Tracking changes to hooks in .git/hooks

Solution 1:

http://benjamin-meyer.blogspot.com/2008/10/git-hooks.html

Files in the .git/hooks directory are not part of the repository and so they are not tracked. A workaround is to have a git_hooks directory at the top of your repository like done in Arora and symlink .git/hooks to git_hooks whenever you clone. This way the hooks will be part of the project, under revision control and accessible to everyone.

Solution 2:

I realise this question is years old, but I feel this needs to be said for travellers like myself who wind up here: Hooks are not tracked by design! Brian's answer will work, but the deal with that is that you are effectively trusting everyone else you are working with to not put malicious code in the repository, which your hooks then execute without question; this is the very definition of a security hole.

Solution 3:

Reviving this old thread, you could have a separate version controlled directory which contains your hooks then use the git config core.hooksPath to target that directory.

Solution 4:

Modifying Brian's answer to take into account Philip's important point:

If you have any user with write access that creates a hook (say, post-commit) with '#!/bin/sh rm -rf ~' there goes your home directory. (Or maybe something more benign but still stupid.)

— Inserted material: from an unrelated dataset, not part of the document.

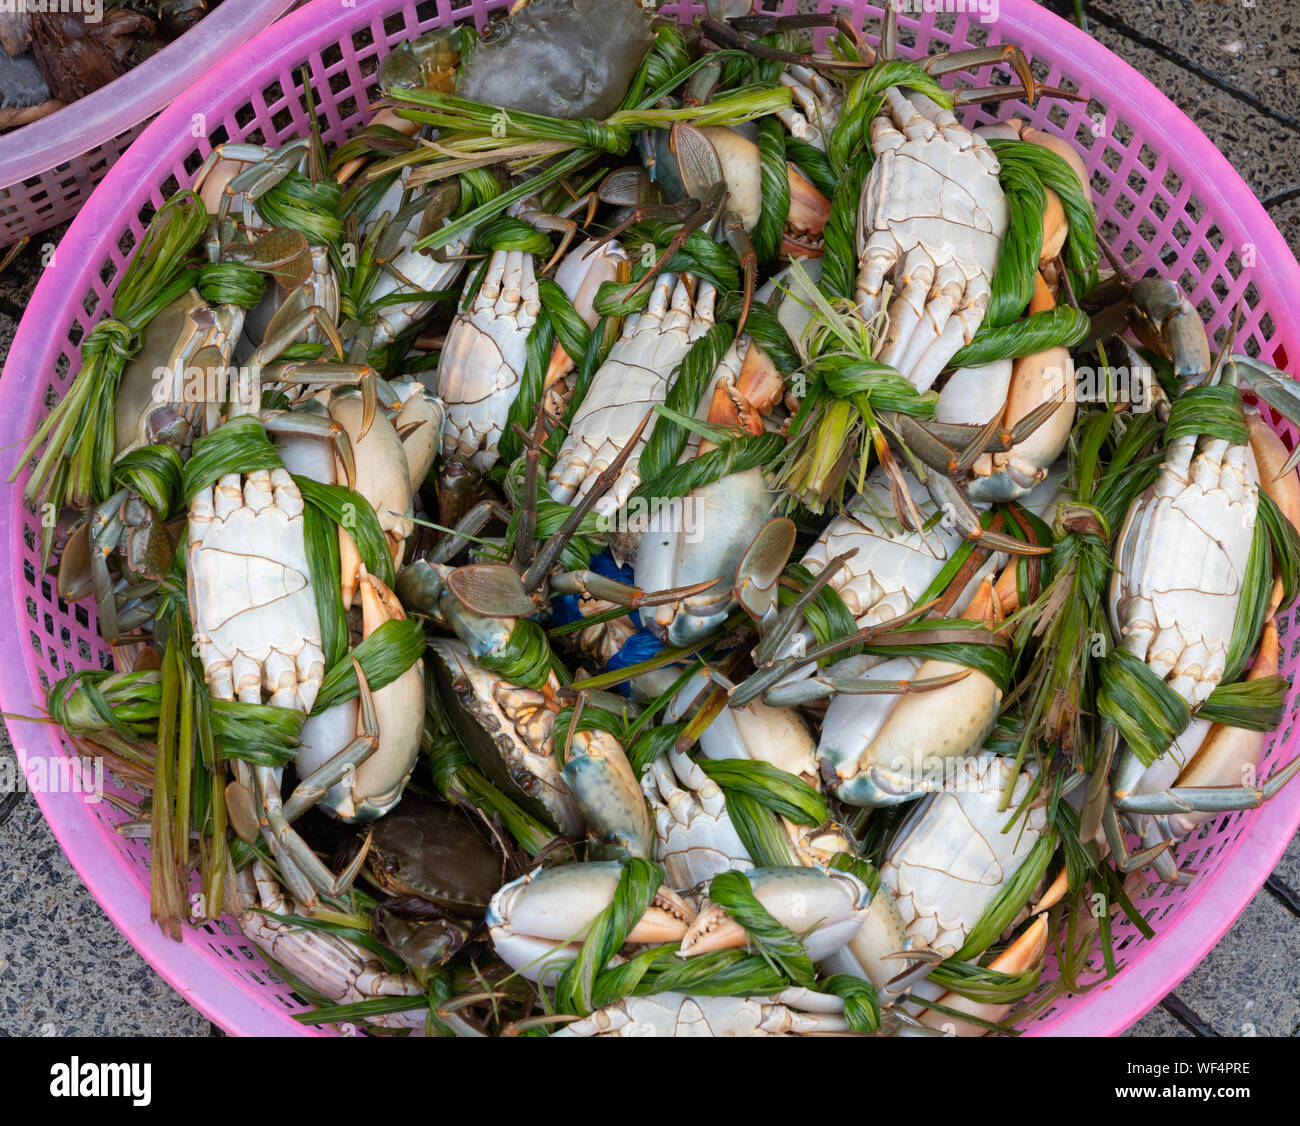 Pink plastic basket containing soft shell crabs for sale in an outdoor  market in Hoi An Vietnam Stock Photo - Alamy

To protect against this, it would be best not to symlink the directory, but copy them manually to and from a git_hooks directory. Yes, you have to remember to manually copy theses files when you update them, but better than nothing, and still you don't give someone user-level access to commands on your machine.

UPDATE: As mentioned below, if you plan on changing your hooks a bunch, you could make a wrapper script which copies the files and then runs the commit. However automating a commit (with git add and inputting an automated message) is really messy. A better idea would be to have one of your hooks do the copy to this 'git_hooks' directory, before the commit. This way malicious user wouldn't be able to commit a file that will run on the next hook call.